- [Aim of the task]:
Repeat the data exactly, leaving out any image.

- [Provided data]:
☆ ☆ ☆

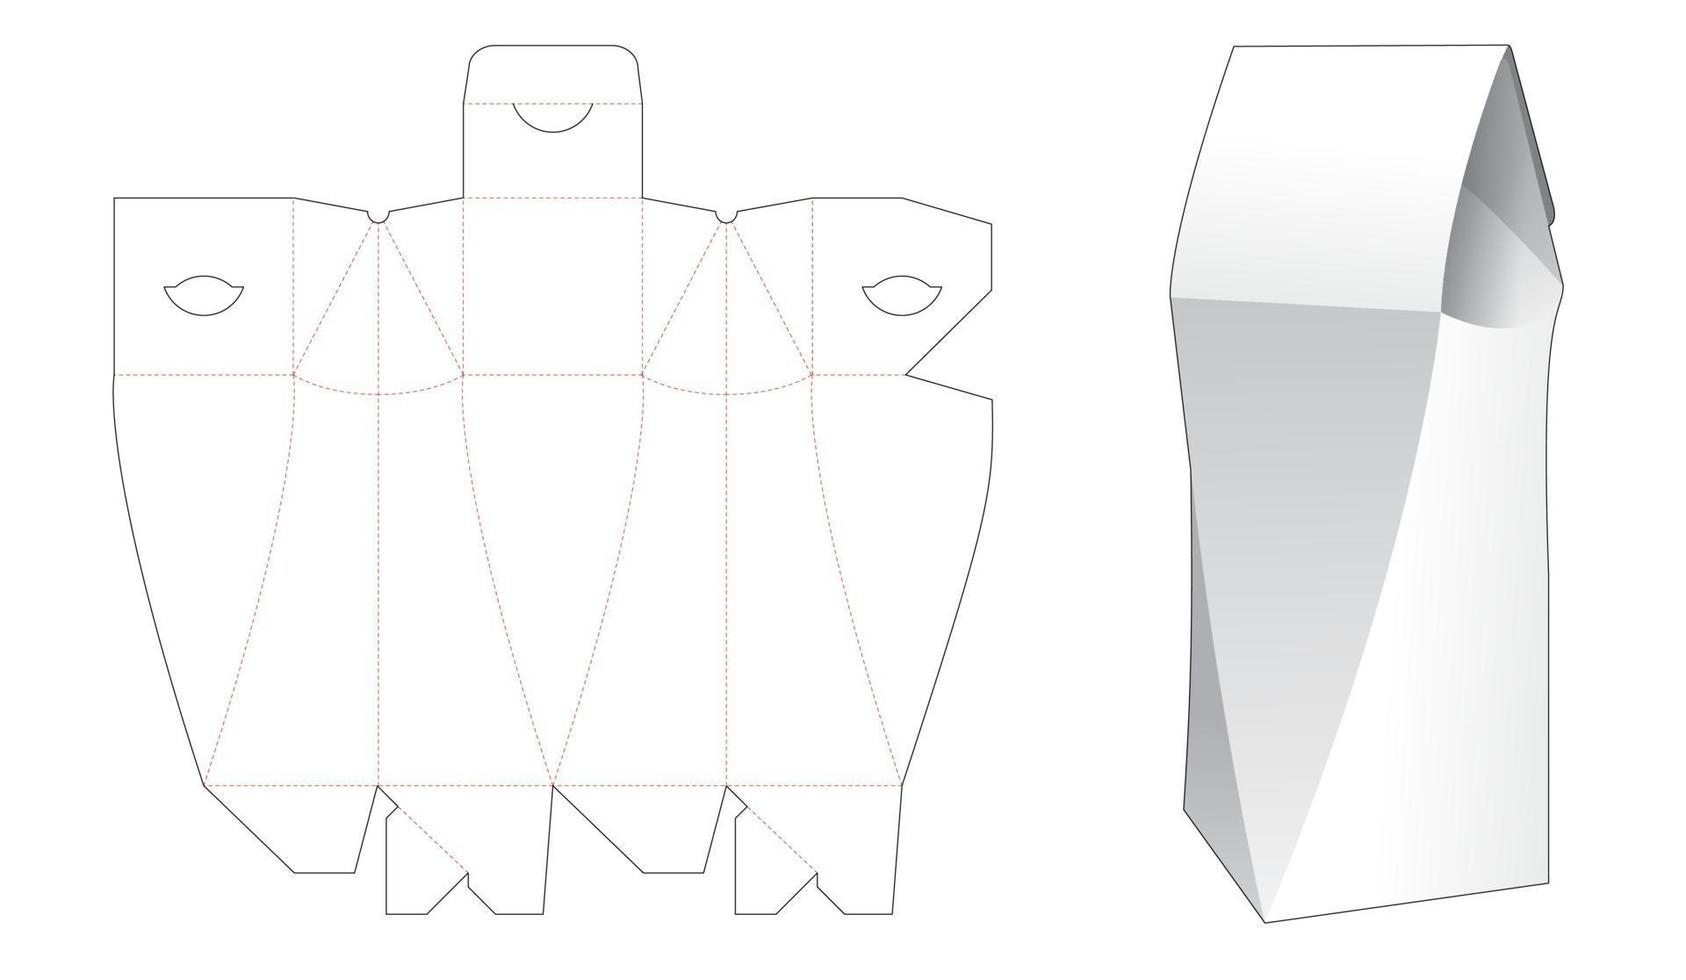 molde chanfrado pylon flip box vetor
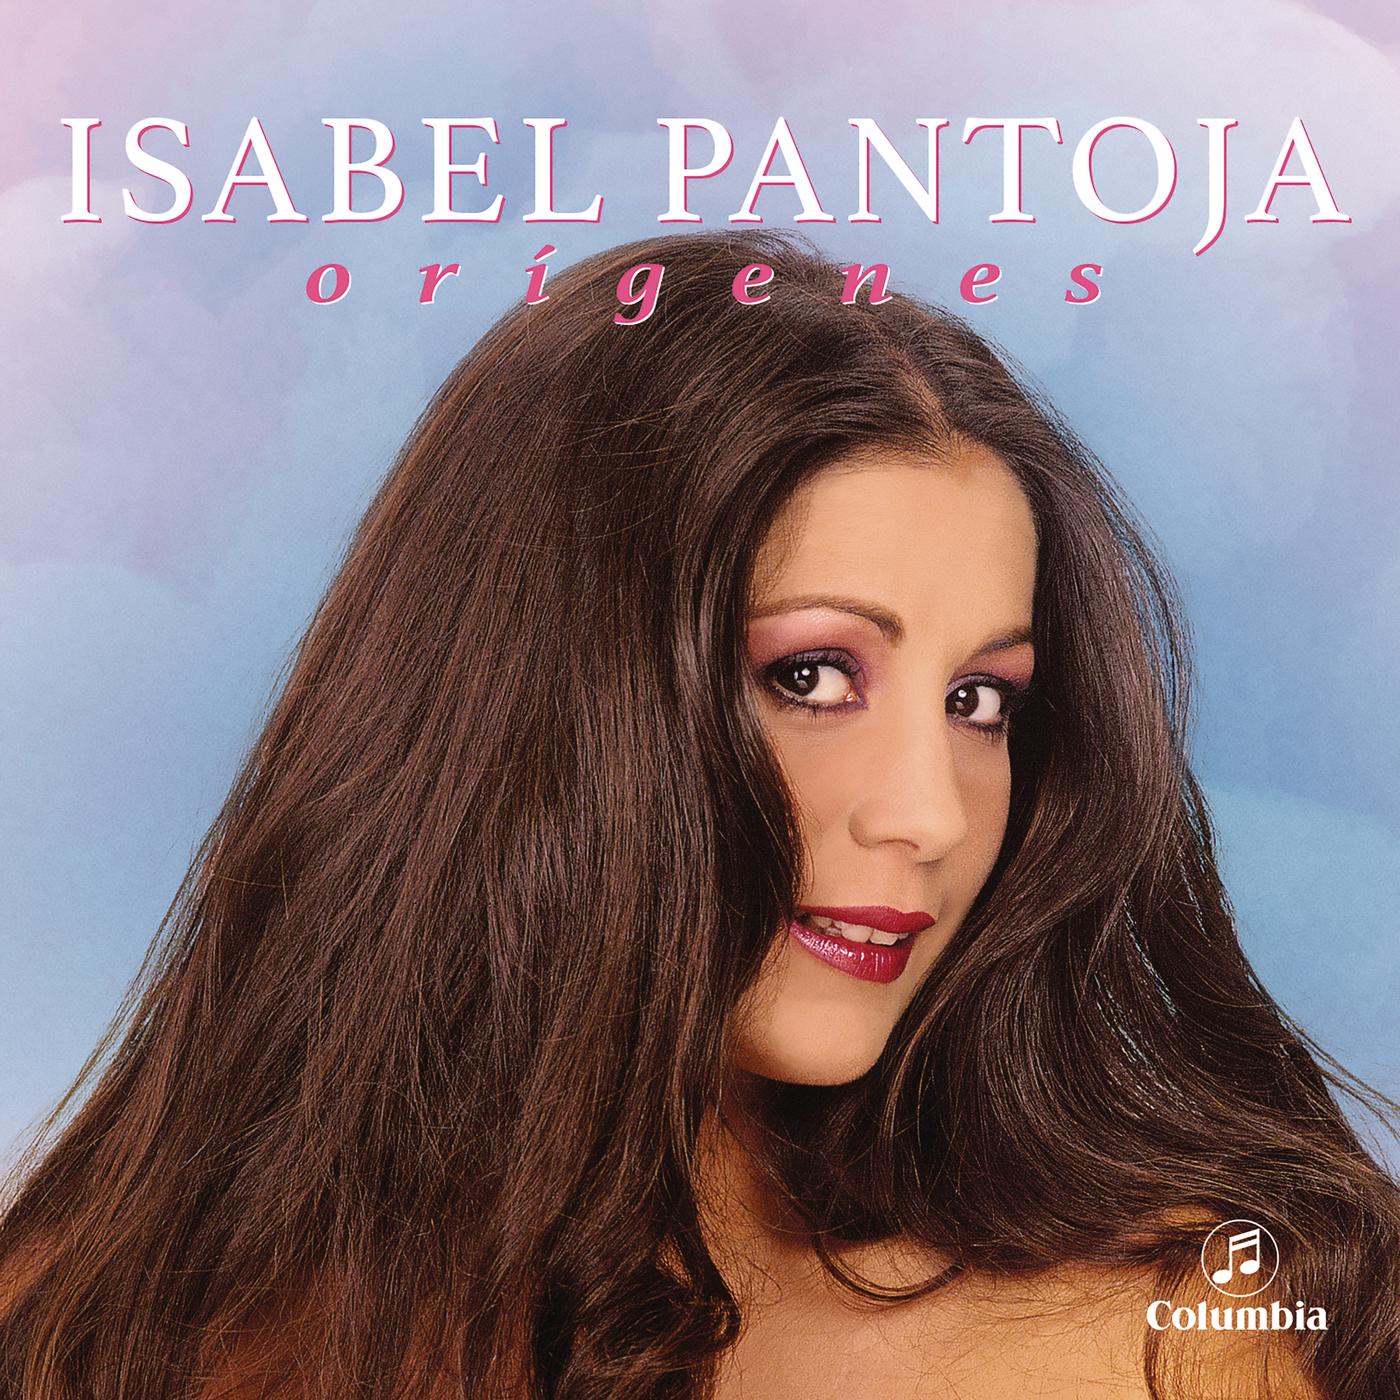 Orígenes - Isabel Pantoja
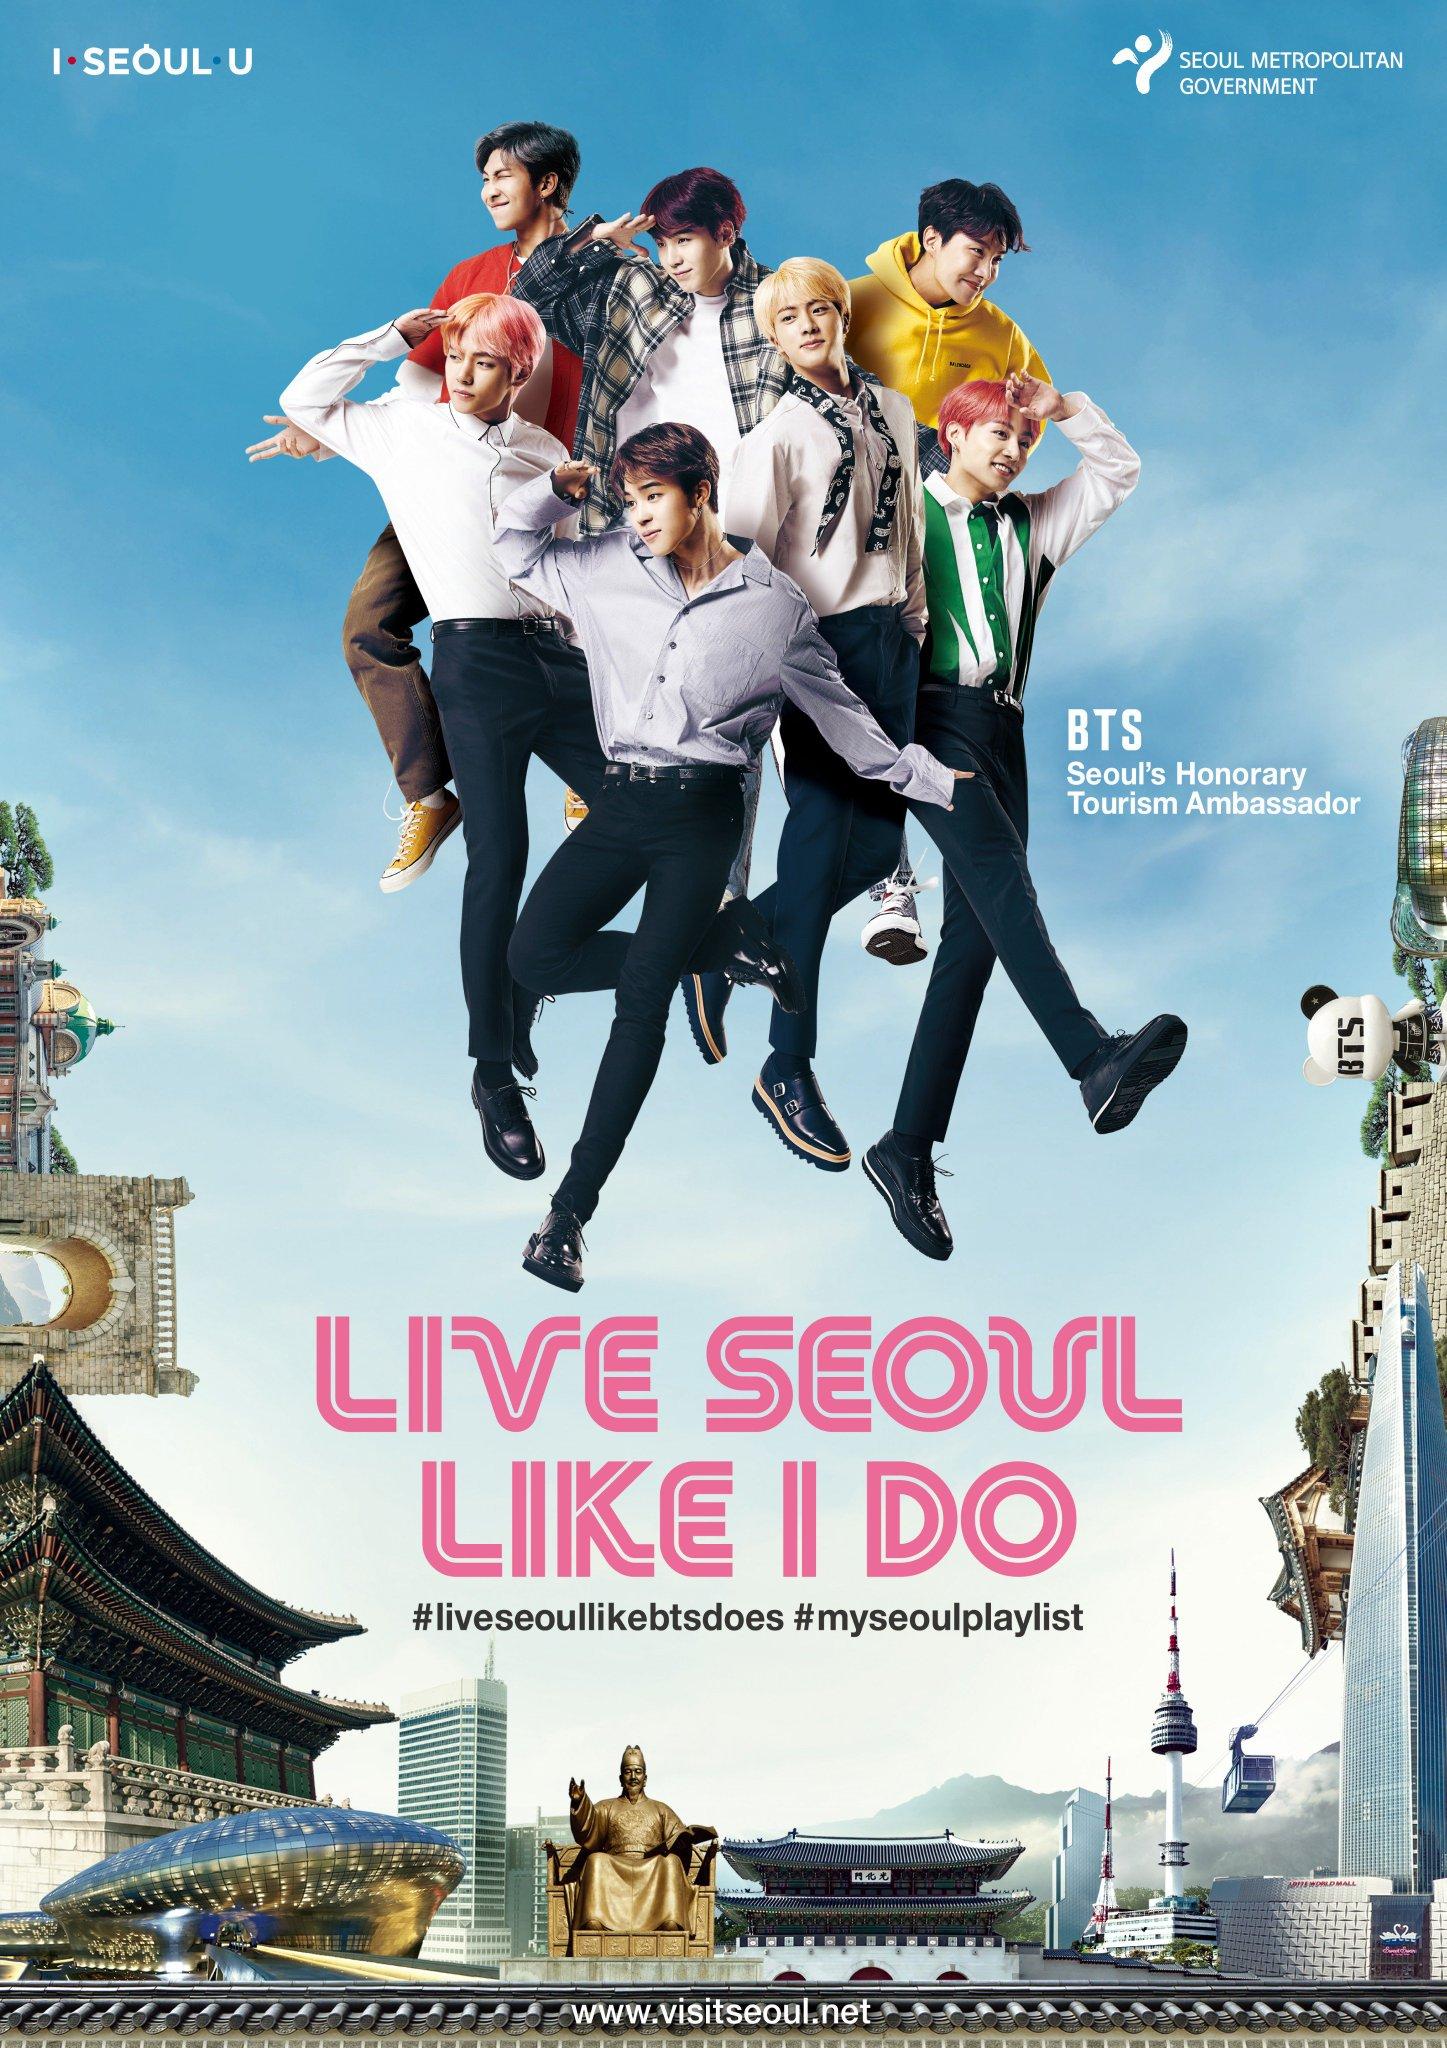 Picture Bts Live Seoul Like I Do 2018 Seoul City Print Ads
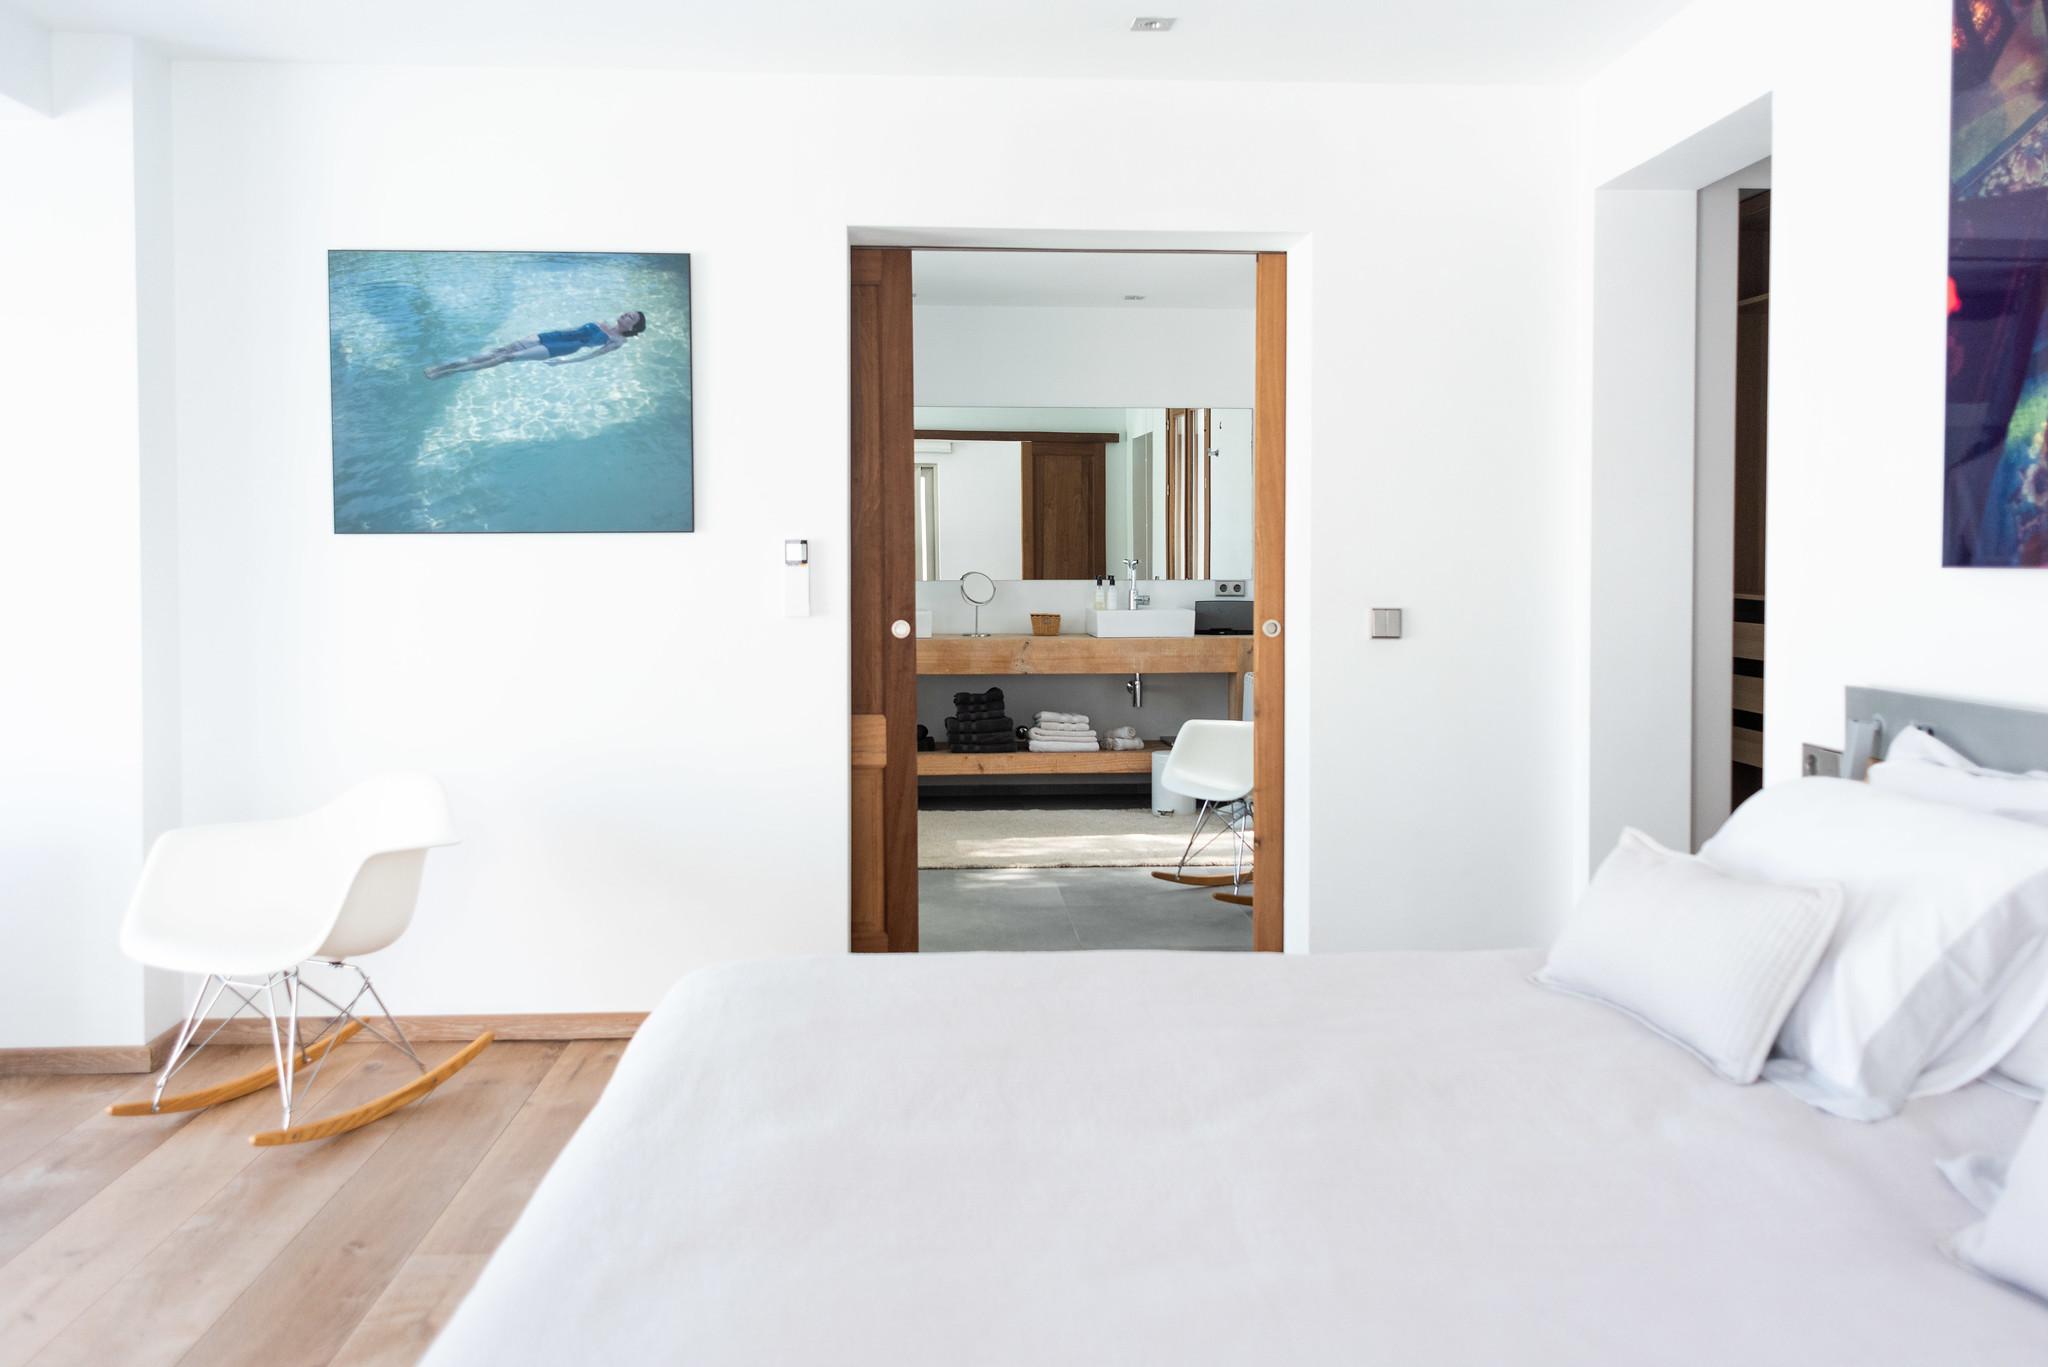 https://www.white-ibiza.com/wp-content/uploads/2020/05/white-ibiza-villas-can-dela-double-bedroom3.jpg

☆ ☆ ☆

- [Exercise result]:
 molde chanfrado pylon flip box vetor
 Orígenes - Isabel Pantoja
 Picture Bts Live Seoul Like I Do 2018 Seoul City Print Ads
 https://www.white-ibiza.com/wp-content/uploads/2020/05/white-ibiza-villas-can-dela-double-bedroom3.jpg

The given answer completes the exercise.